Review the classifications of memory and awareness.

Memory can be classified as implicit (unconscious memory) and explicit (conscious memory). Conscious recollection of events, including intraoperative events, would fall under the category of explicit memory. Awareness with recall (AWR) during general anesthesia is referred to as anesthetic awareness . Although patients may speak of “remembering” certain things under general anesthesia, recall of specific intraoperative events is key to the concept of anesthetic awareness. The 2006 American Society of Anesthesiologists' (ASA) practice advisory for intraoperative awareness excludes dreaming as anesthetic awareness.

What is the incidence of awareness?

Various estimates of the incidence of adult awareness exist. Overall incidence is likely on the order of one in 19,000, when large cohorts, such as National Audit Project 5 are examined. Similar studies are consistent and have reported ranges of 1:15,000 to 1:23,000. Incidence of awareness can increase, depending on the anesthetic technique or subspecialty setting. Increased incidence occurs in higher risk populations, such as obstetric, urgent/emergent surgery, and cardiothoracic cases, and is often related to depth of anesthesia. Patient characteristics, such as female gender, younger adult age, obesity, and prior awareness under anesthesia are also risk factors.

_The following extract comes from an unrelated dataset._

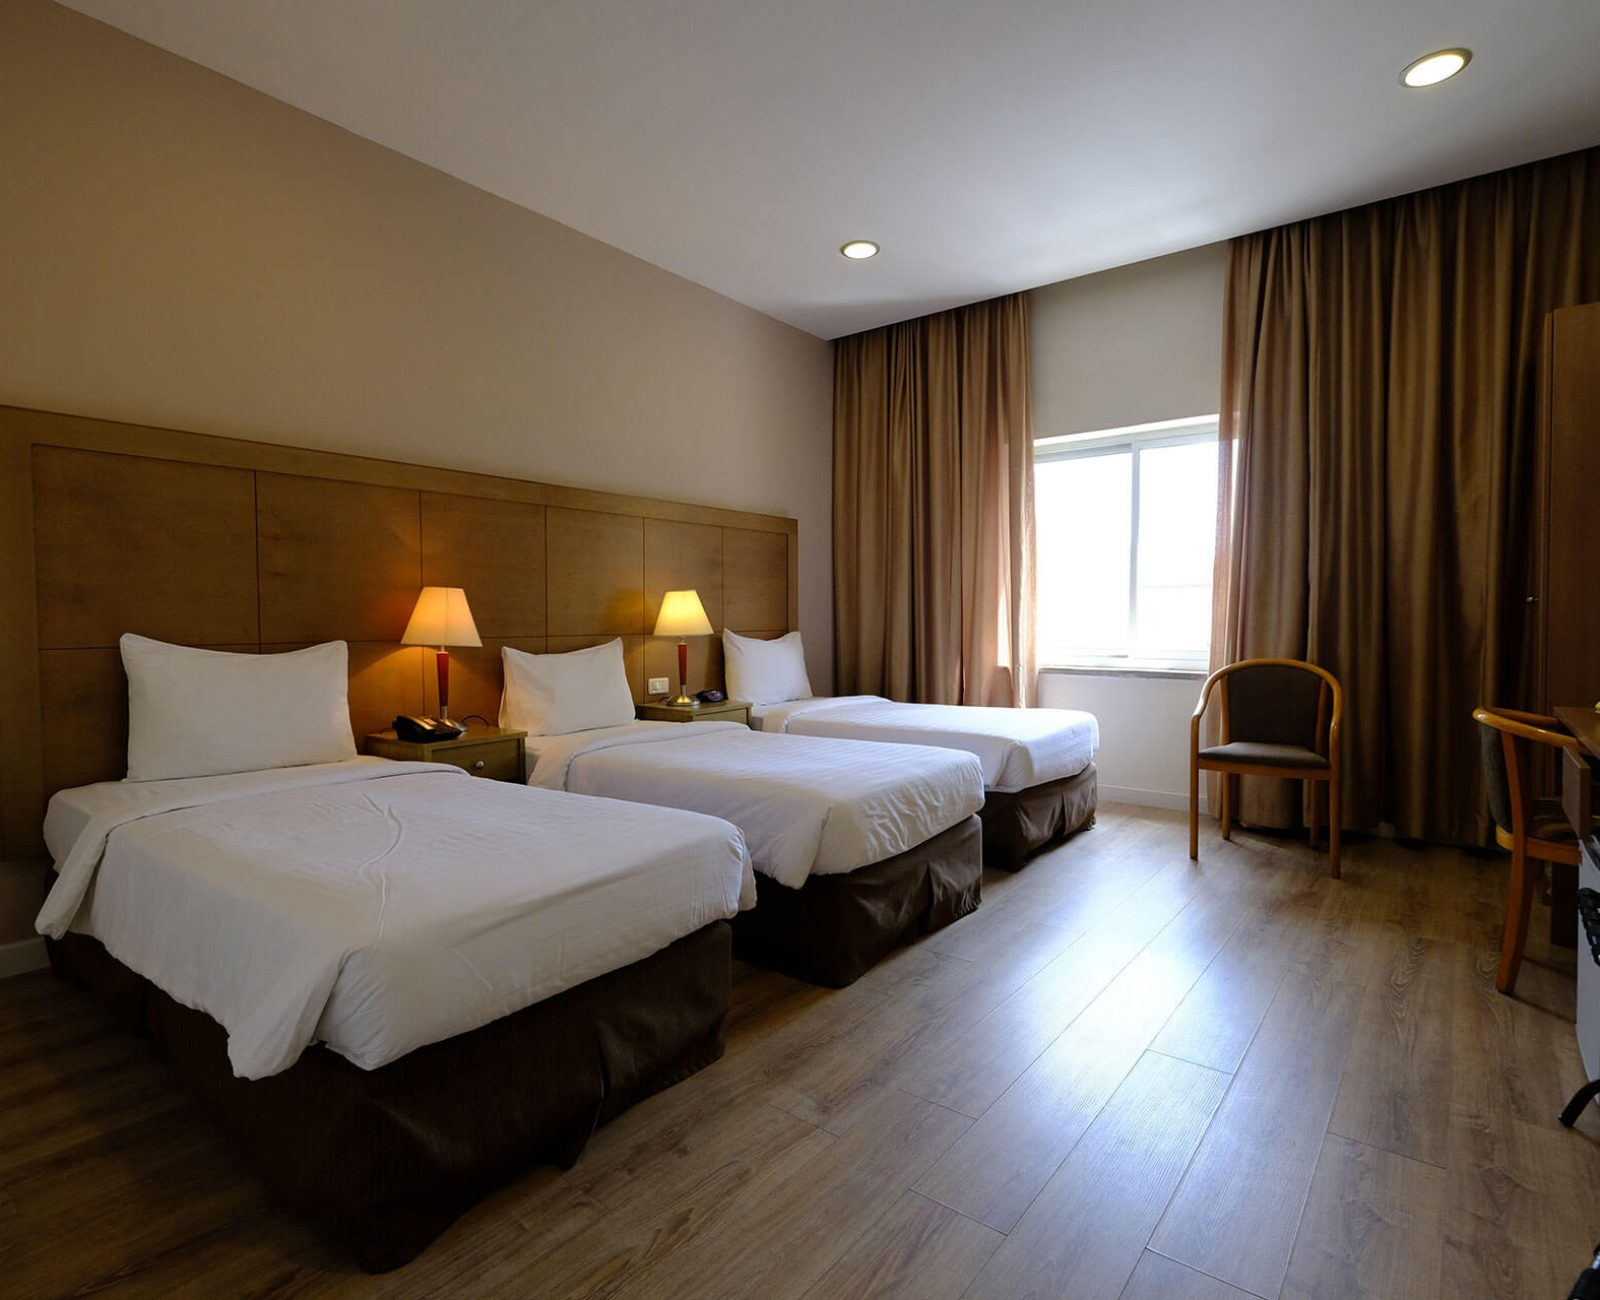 Ritz hotel_Standard Triple Room (4)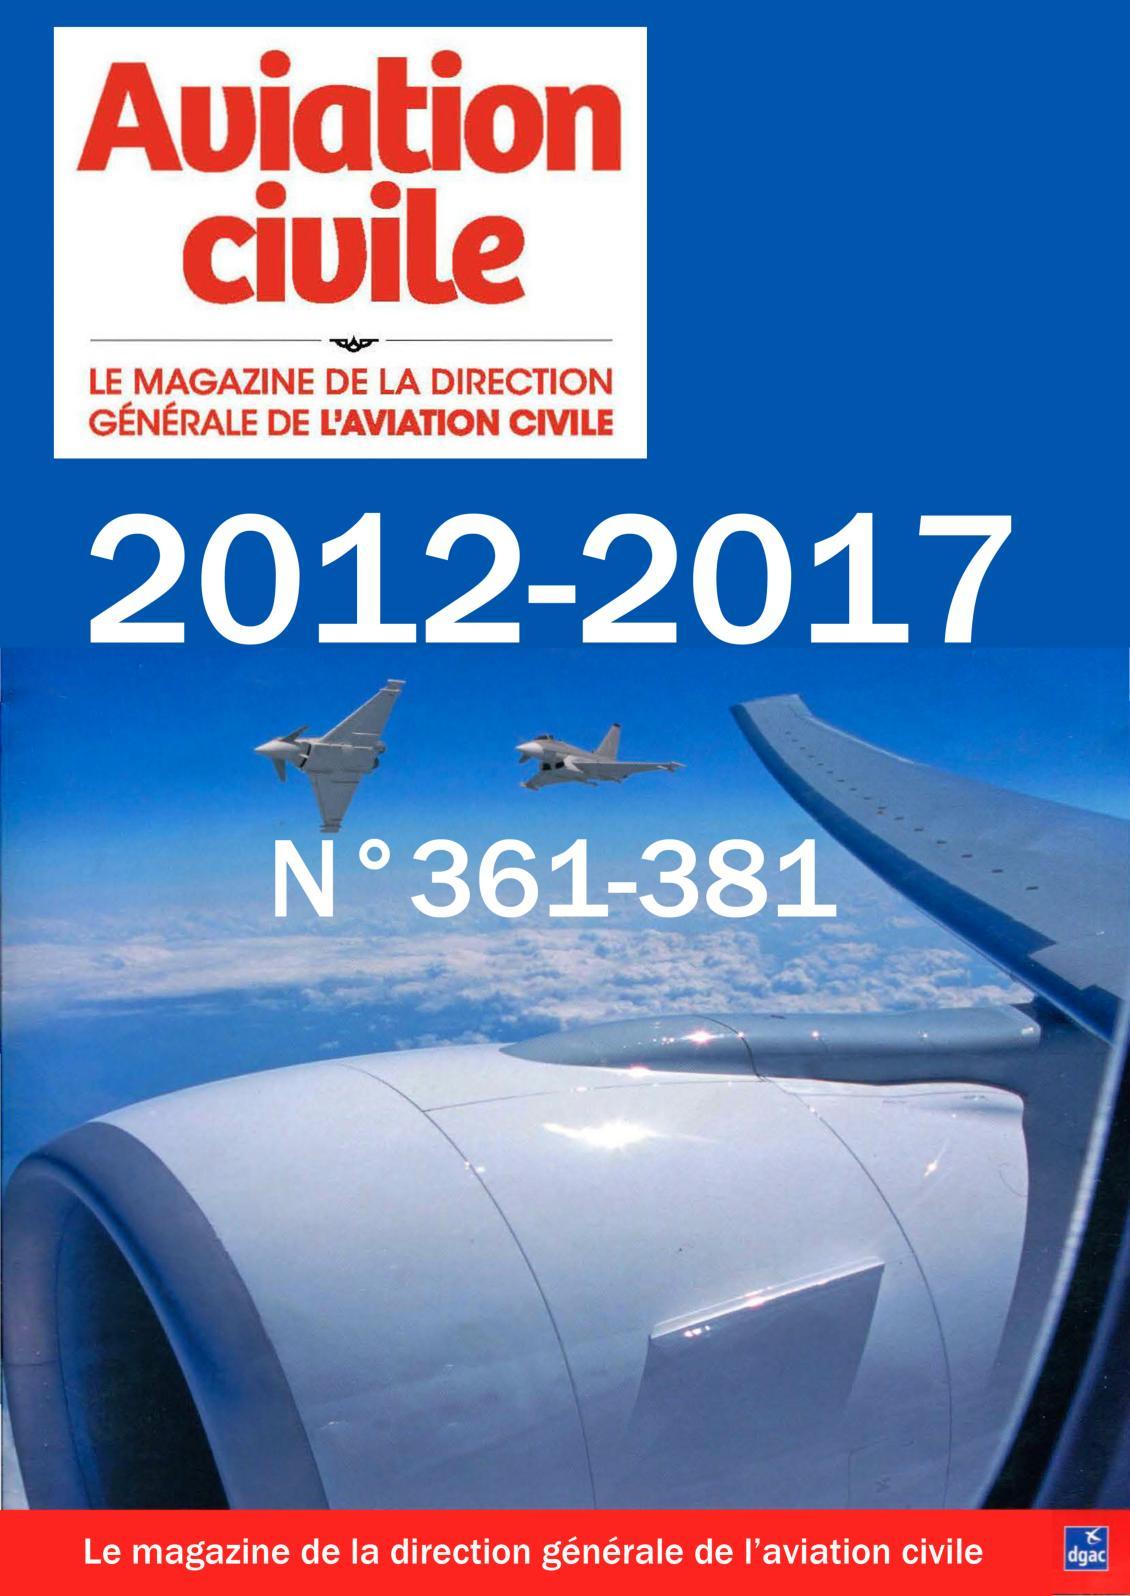 AVIATION OBJECTIF EXPORTATION AVIATION MAGAZINE n° 744 AVIA 534

Are certain techniques and clinical situations more likely to result in awareness?

Recognized risk factors for AWR include:

  • Light levels of anesthesia (common in hypovolemic, obstetric, and trauma patients)

  • Prior history of intraoperative awareness

  • Cardiac surgery with cardiopulmonary bypass that has historically relied on narcotic-based anesthesia which, while minimizing myocardial depression, produces unreliable amnesia

  • Use of muscle relaxants has repeatedly been shown as an independent risk factor

  • Malfunction of anesthetic administration: machine failure (e.g., empty vaporizer), intravenous (IV) anesthetic pump failure (e.g., no power, incorrect programming), infiltrated IVs, syringe swaps, and so on.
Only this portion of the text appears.